** Opening PROVIDED RECORDS block **
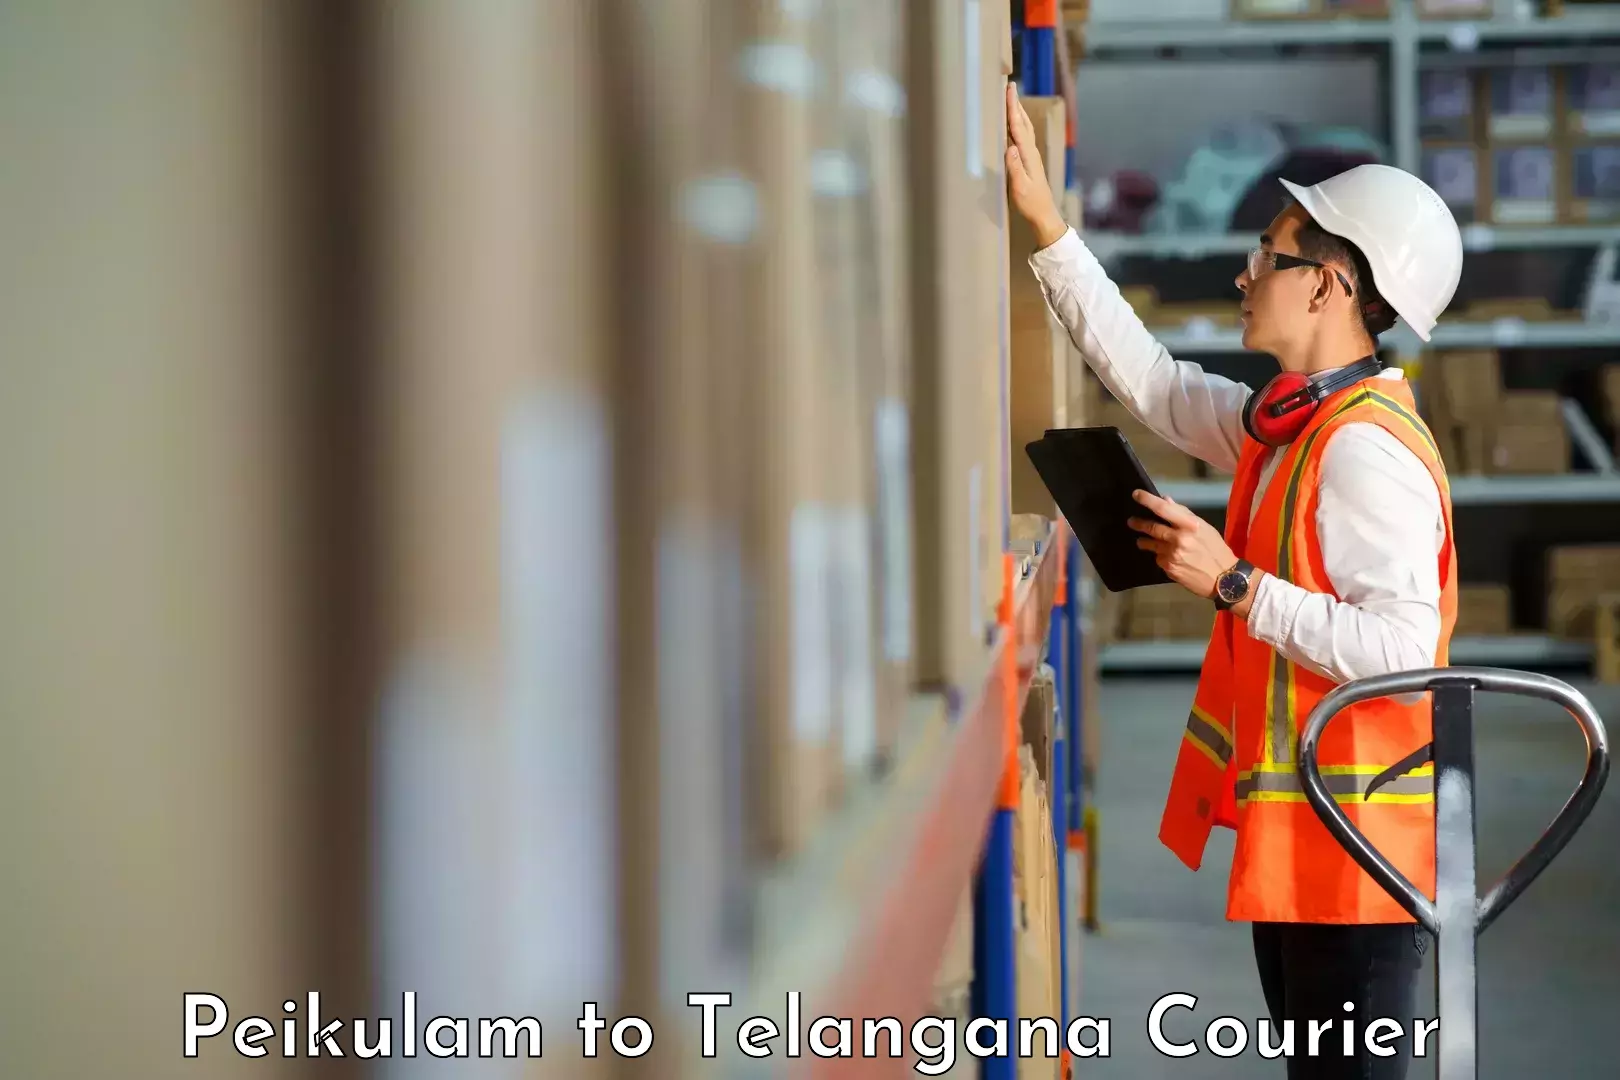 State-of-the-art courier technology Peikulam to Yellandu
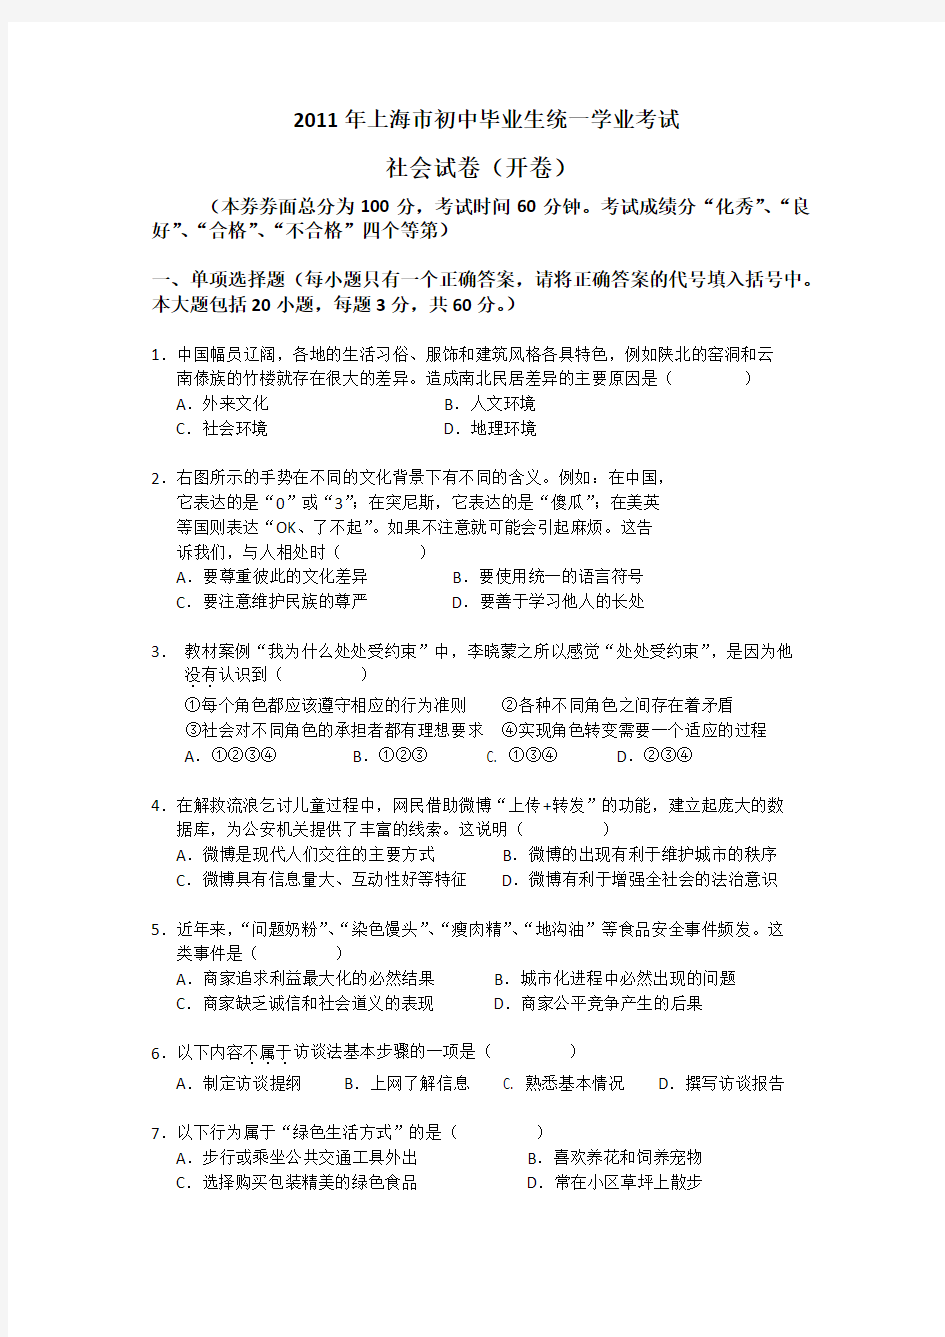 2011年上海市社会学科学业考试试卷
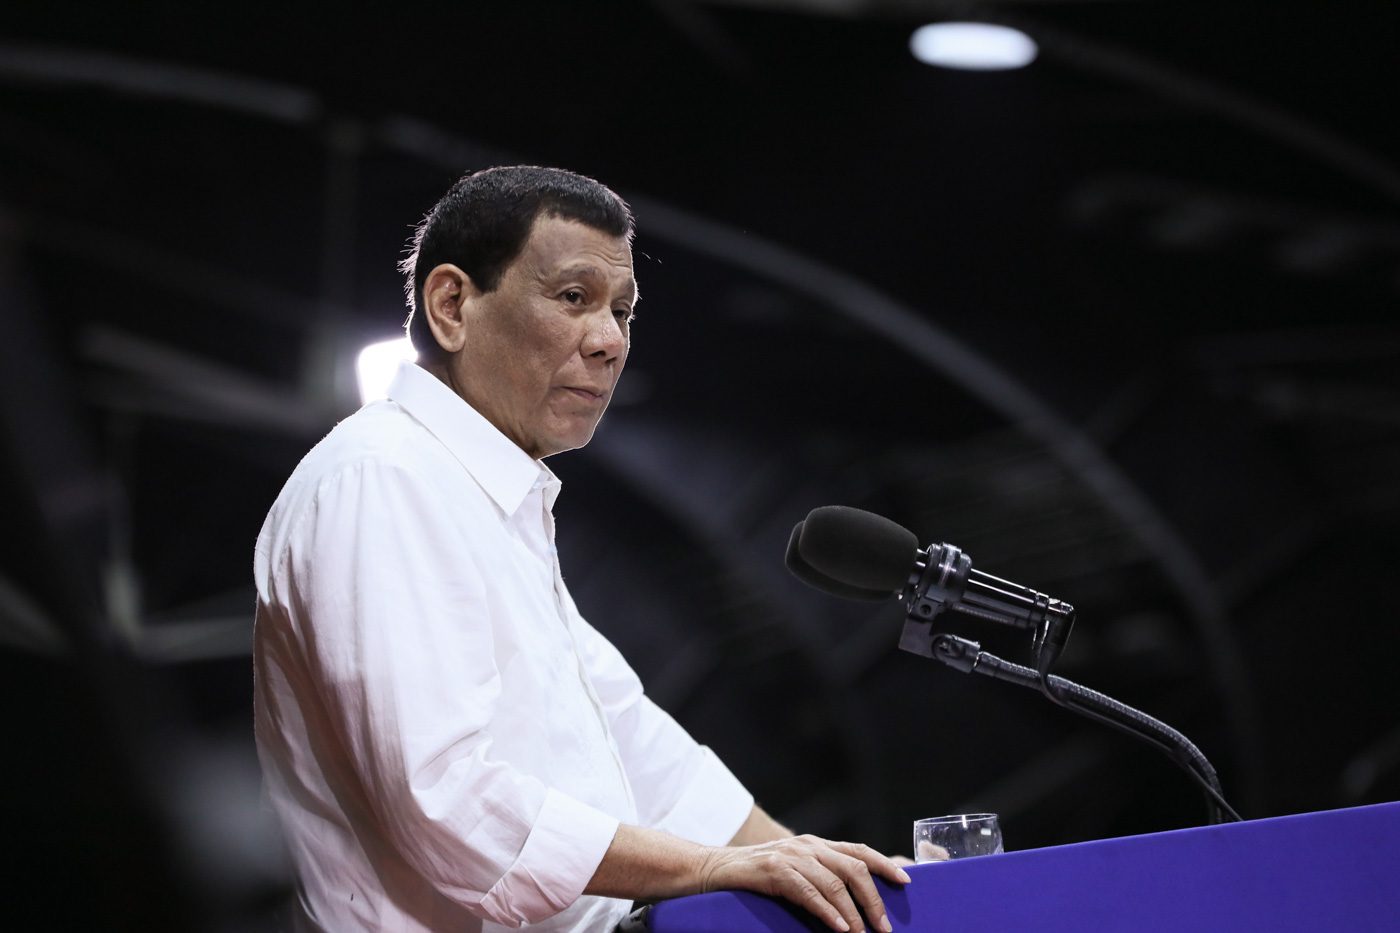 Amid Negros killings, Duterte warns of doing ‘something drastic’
** Closing PROVIDED RECORDS block **
** Opening PROVIDED RECORDS block **
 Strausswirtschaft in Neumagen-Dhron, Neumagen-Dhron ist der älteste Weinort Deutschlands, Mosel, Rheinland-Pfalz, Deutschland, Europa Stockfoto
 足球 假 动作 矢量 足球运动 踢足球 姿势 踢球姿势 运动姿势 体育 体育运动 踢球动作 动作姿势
** Closing PROVIDED RECORDS block **
> **DESCRIPTION OF THE TASK**: In the records above, find the line containing "2011年上海市社会学科学业考试试卷" and the line containing "Amid Negros killings, Duterte", then give both of them again word for word along with every line between. Omit any pictures.

> **RESULT OF THE EXERCISE**:
 2011年上海市社会学科学业考试试卷
 Amid Negros killings, Duterte warns of doing ‘something drastic’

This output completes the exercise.